The Transient and Equilibrium Climate Response to Rapid Summertime Sea Ice Loss in CCSM4

Abstract

Abstract The impact that disappearing Arctic sea ice will have on the atmospheric circulation and weather variability remains uncertain. In this study, results are presented from a sea ice perturbation experiment using the coupled Community Climate System Model, version 4 (CCSM4). By decreasing the albedo of the sea ice, the impact of an ice-free summertime Arctic on the coupled ocean–atmosphere system is isolated in an idealized but energetically self-consistent way. The multicentury equilibrium response is examined, as well as the transient response in an initial condition ensemble.
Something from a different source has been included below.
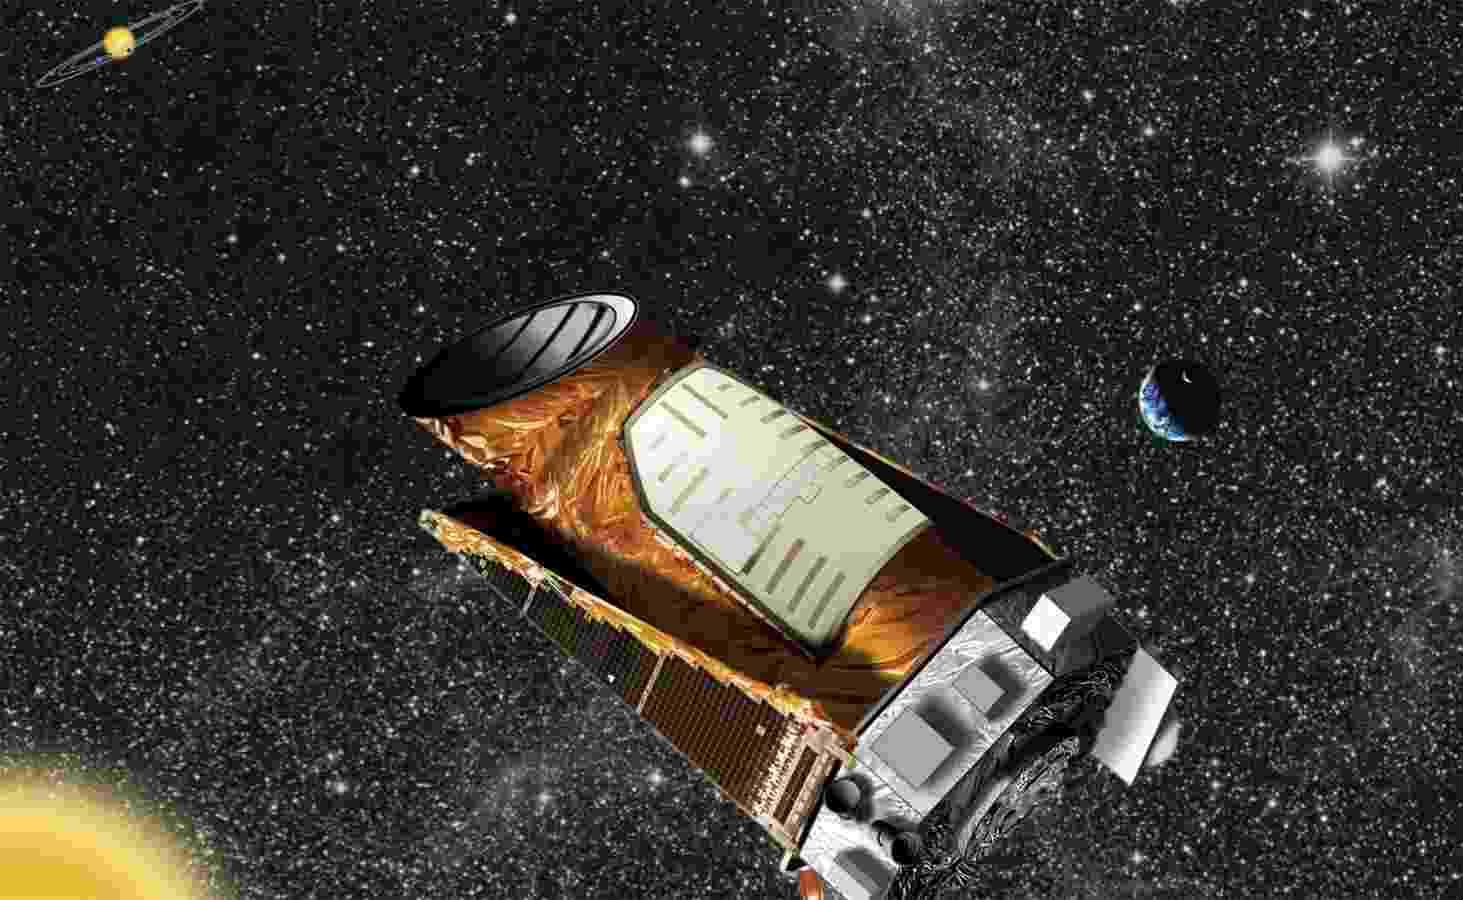 15.ago.2013 - A Nasa (Agência Espacial Norte-Americana) desistiu de consertar o Kepler, telescópio espacial que caça planetas fora do Sistema Solar, depois que uma falha técnica obrigou o equipamento a 'estacionar' a 64 milhões de quilômetros de distância, em maio passado. Duas de suas quatro 'rodas' pifaram e prejudicaram sua estabilização, instrumentos necessários para que o telescópio aponte para uma direção no espaço - Nasa

The perturbation drives pronounced year-round sea ice thinning, Arctic warming, Arctic amplification, and moderate global warming. Even in the almost complete absence of summertime sea ice, the atmospheric general circulation response is very weak and the transient response is small compared to the internal variability. Surface temperature variability is reduced on all time scales over most of the middle and high latitudes with a 50% reduction in the standard deviation of temperature over the Arctic Ocean. The reduction is attributed to decreased temperature gradients and increased maritime influence once the sea ice melts. This reduced variability extends weakly into the variability of the midlatitude and free tropospheric geopotential height (less than 10% reduction in the standard deviation). Consistently, eddy geopotential height variability is found to decrease while geopotential isopleth meandering, which reflects Arctic amplified warming, increases moderately. The sign of these changes is consistent with recent observations, but the size of these changes is relatively small.